Неужели он всегда был таким красивым? Всегда ли его губы изгибались, как лук Купидона, так что в ложбинку идеально ложился кончик пальца? Всегда ли его уши были такими нежными, с мягким пушком, закрученные словно ракушки? Всегда ли его волосы были такими густыми и кудрявыми? Его грудь, она видела это даже под повязкой, была широкой, но со впадиной у ключиц. Хейзел захотелось прижаться к ней щекой и остаться так навсегда.
– Полагаю, теперь ты сможешь рассказать мне, что, черт возьми, происходит, – сказал Бернард, изо всех сил стараясь удержать дружелюбный тон.
Хейзел рассказала все: и о телах, у которых она не обнаружила органов и конечностей, и о том, что увидела, пробравшись в Анатомическое общество.
– Они похищали мужчин и женщин с бедных улиц и продавали их тела, кусок за куском. Он использует этот… этот эфириум, чтобы они теряли сознание, пока он оперирует, а у него… у Бичема есть что-то еще, флакон с чем-то, что он использует во время операций, чтобы новые части тела прижились.

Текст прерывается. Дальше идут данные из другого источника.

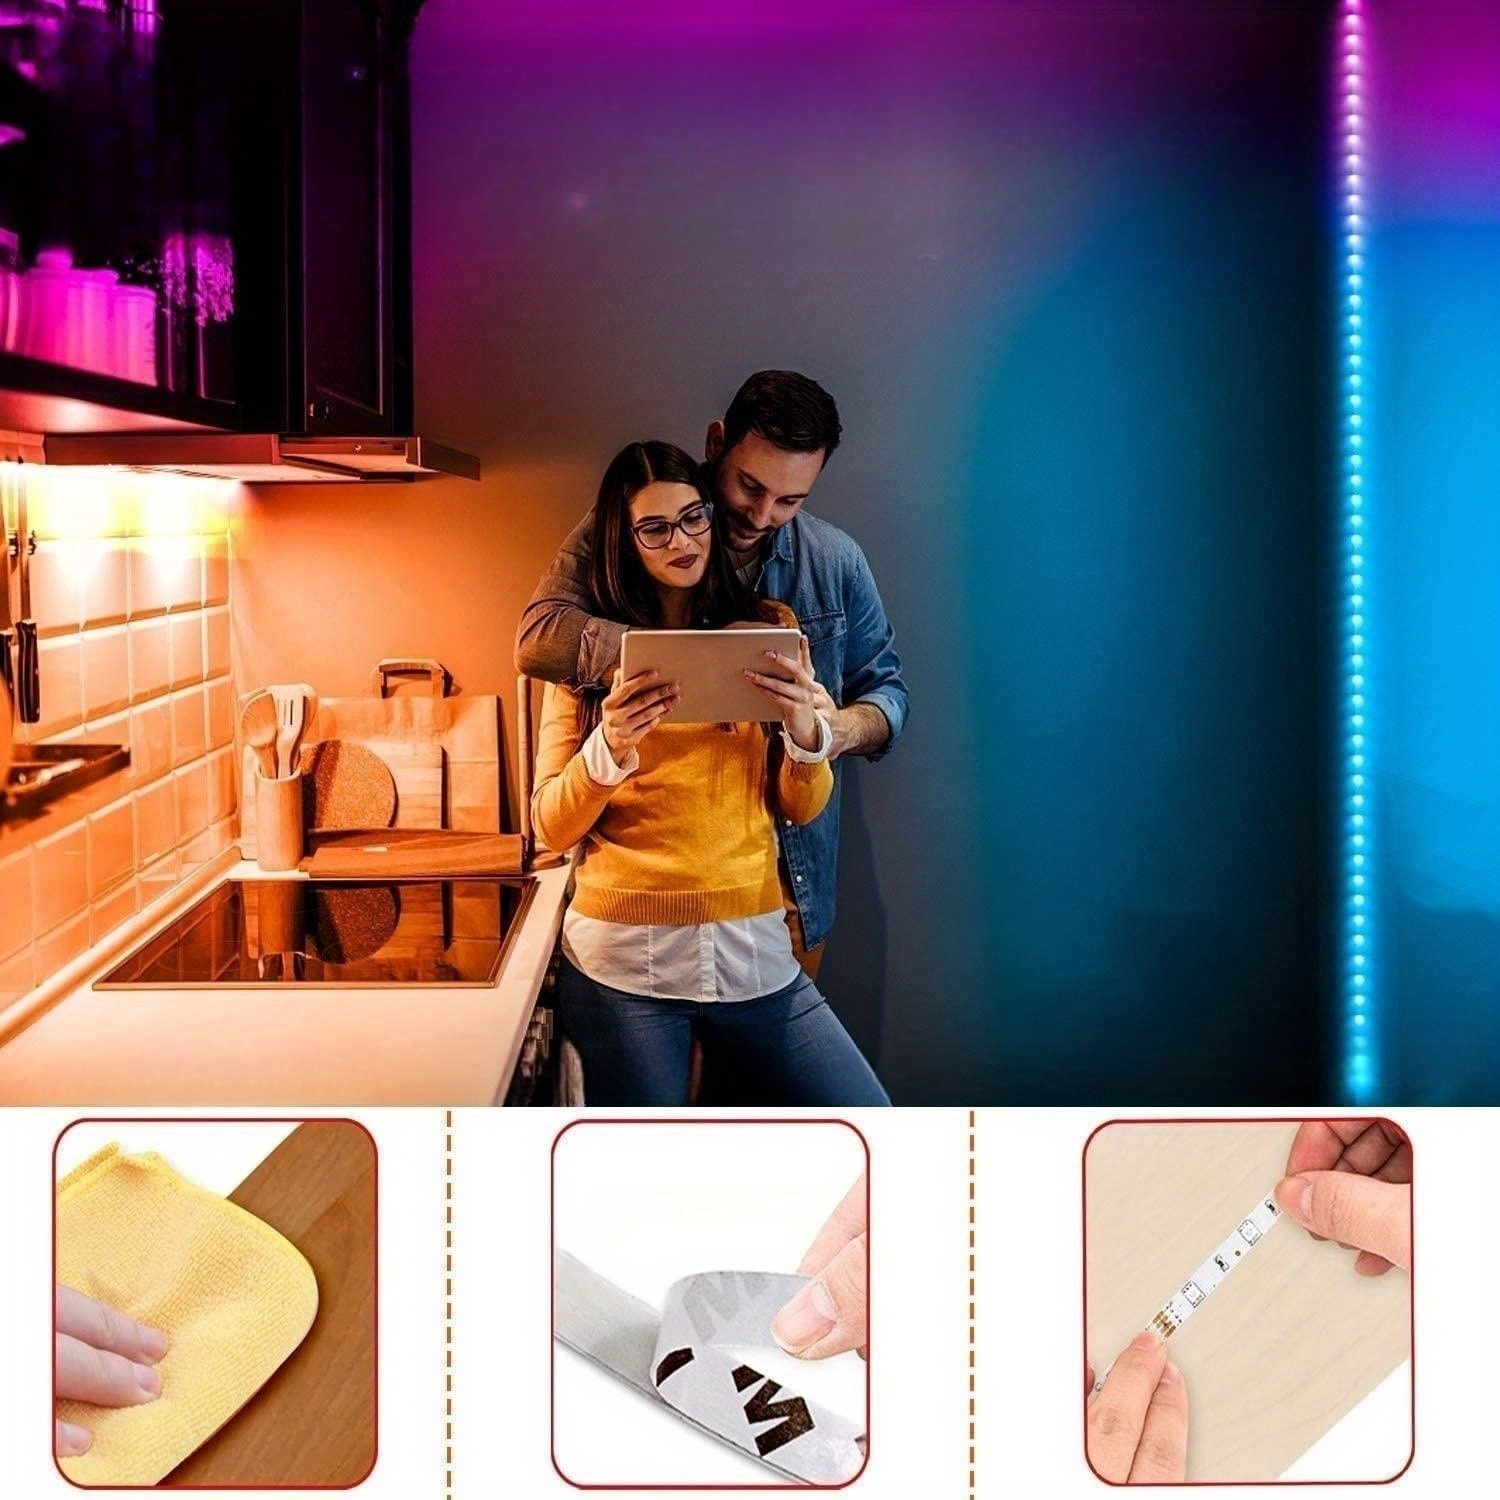 60m 200ft smart led strip light 2 rolls of 30m 100ft rgb strip light synchronized with music 44 key remote control led light used for bedroom christmas light decoration multi color 100ft deck balcony roof garden swimming pool details 0
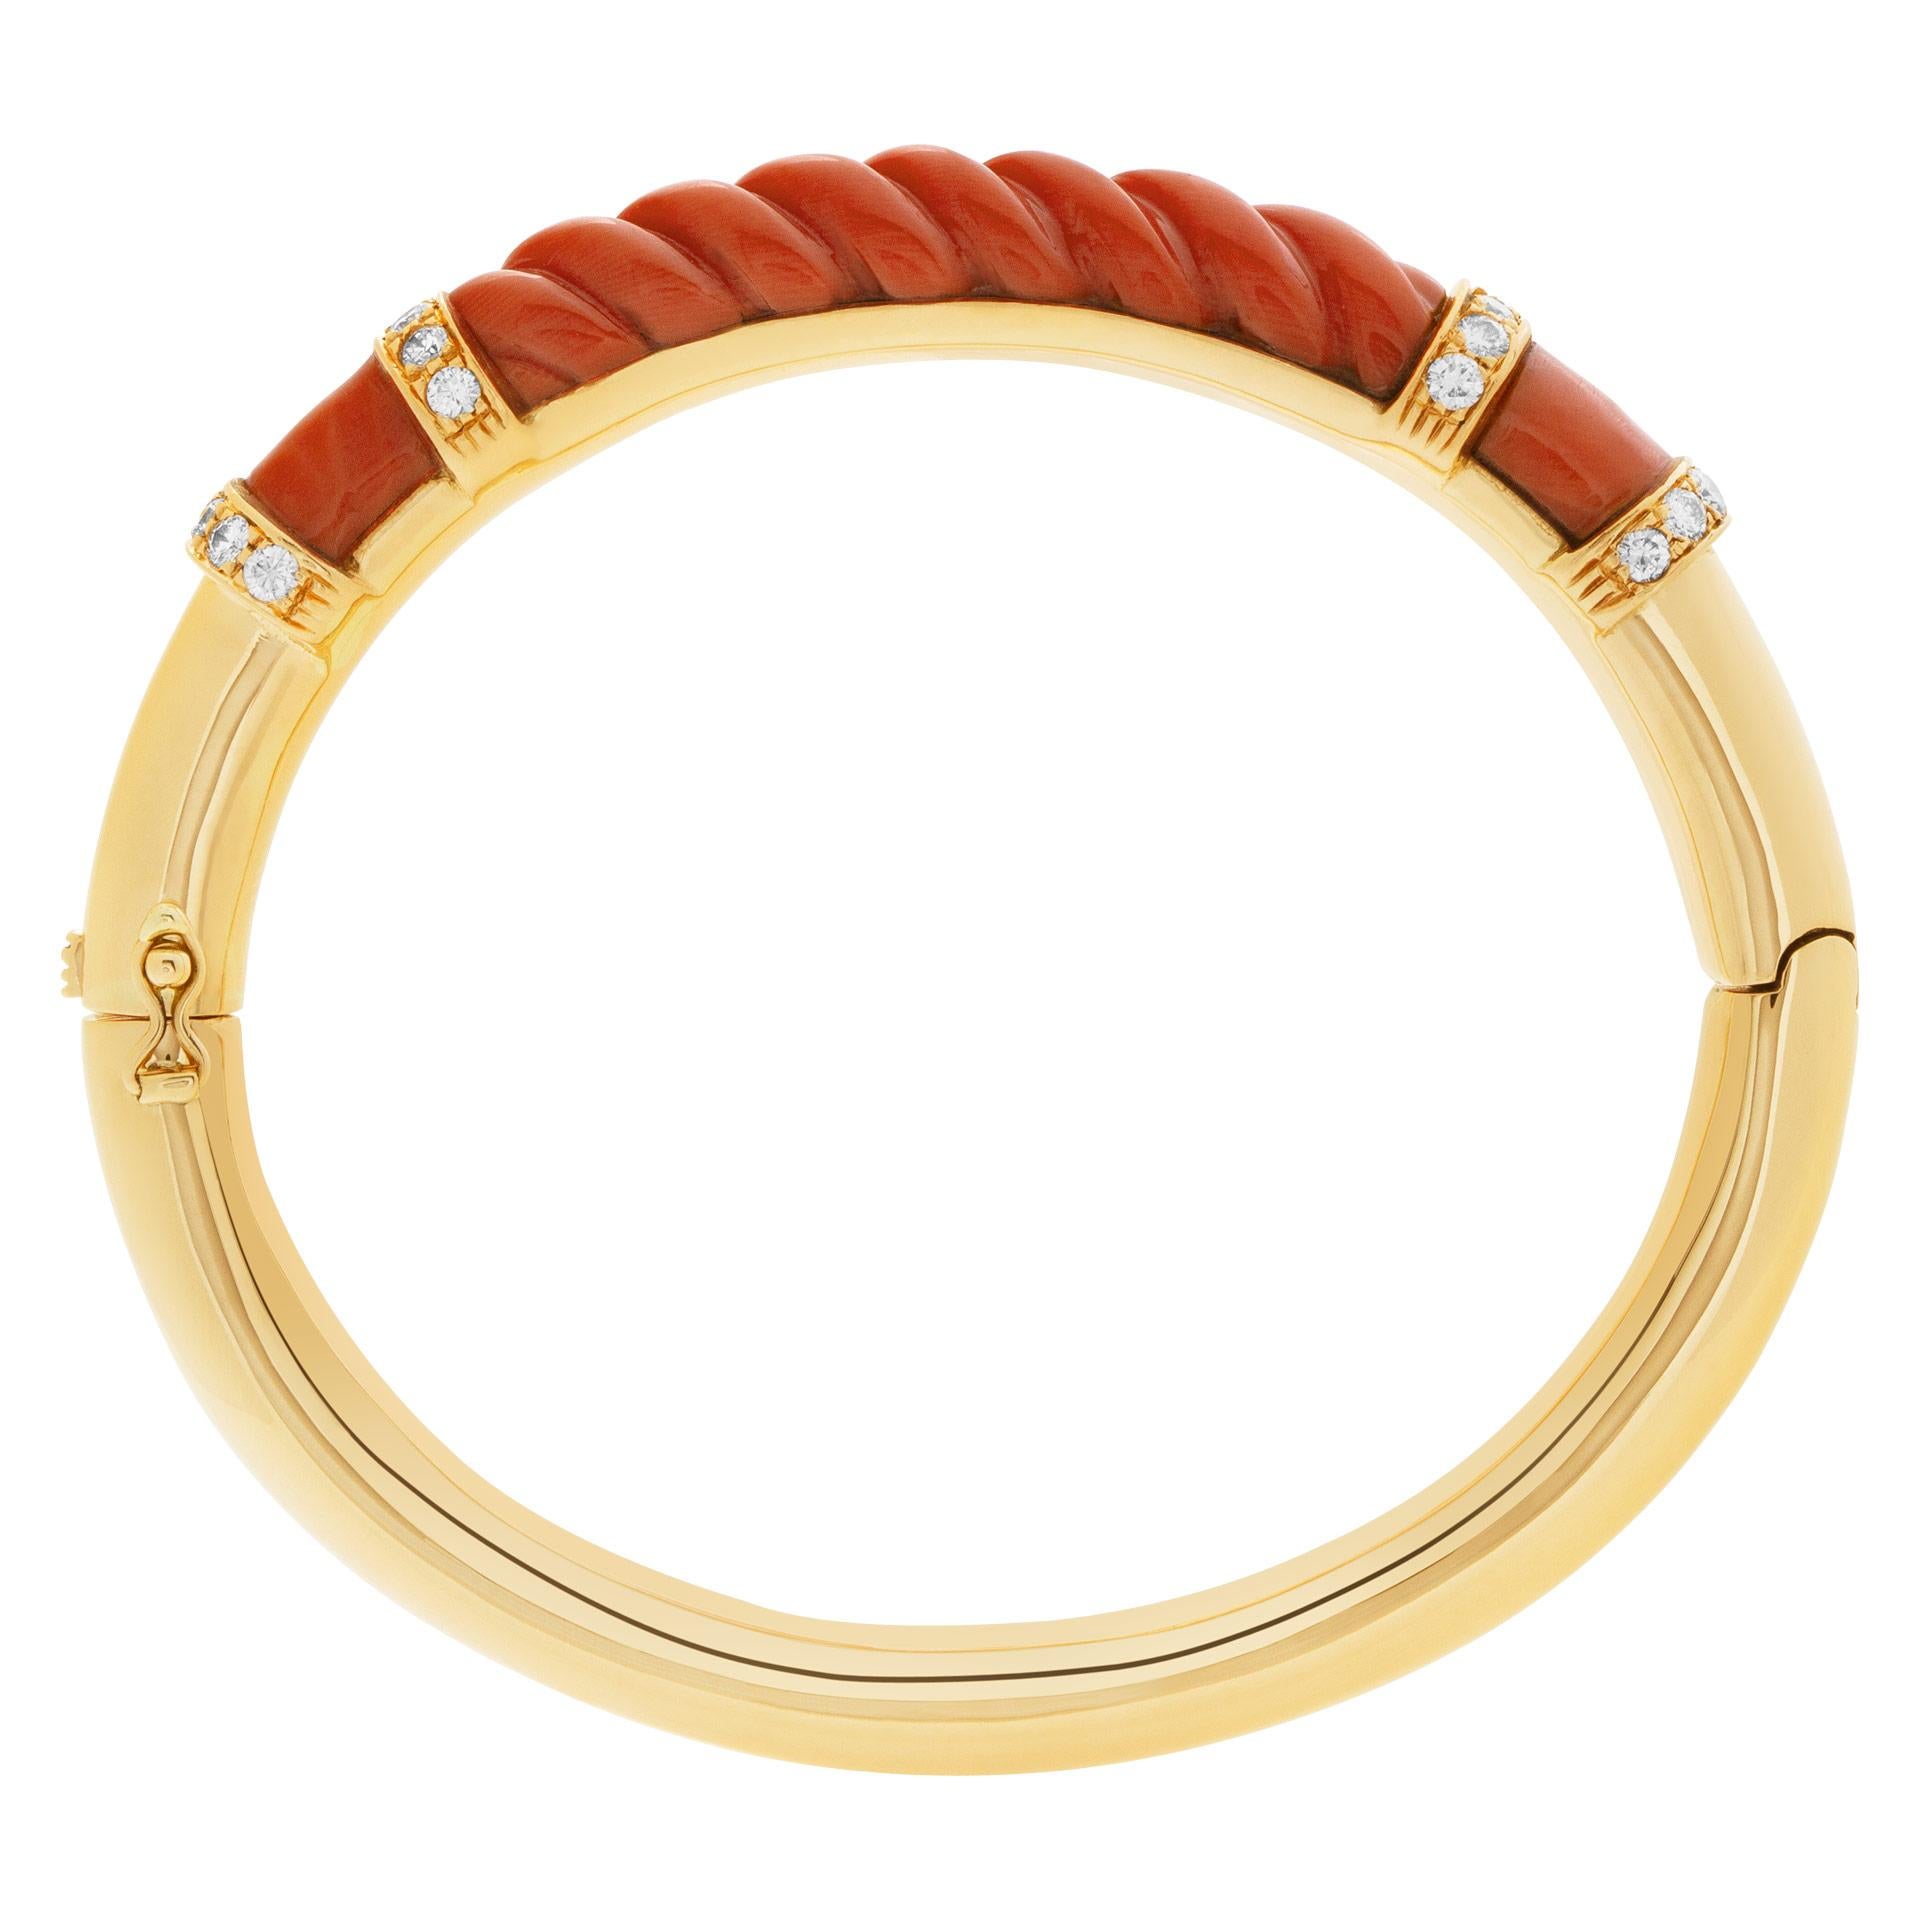 ESTIMATED RETAIL $5,500.00 - YOUR PRICE $3,700.00 - Bangle in 18k yellow gold with twisted

Я точно не знаю как и не знаю, что это, но Джеку… то есть этому парню и мне едва удалось спастись.
– А этот парень?..
– Он – воскрешатель. Похититель тел, который продавал трупы с кладбищ врачам и анатомам для изучения. Я покупала их у него, чтобы готовиться к экзамену. Но он приличный человек, правда. Он работает в Ле Гранд Леоне. Он хороший человек.
Бернард кивнул, сохраняя совершенно бесстрастное выражение лица, но при этом не сводя глаз с Хейзел. Он молчал целую минуту, поэтому Хейзел начала сначала.
– Бернард, – произнесла она мрачно, – происходит что-то очень серьезное. Действительно серьезное. Не знаю, сколькие умерли и сколькие еще умрут или пострадают по вине доктора Бичема. Мне нужно, чтобы ты отправился к констеблю или к твоему отцу и рассказал обо всем, но сделать это должен именно ты. Тебе они поверят, должны будут поверить. Ты же виконт.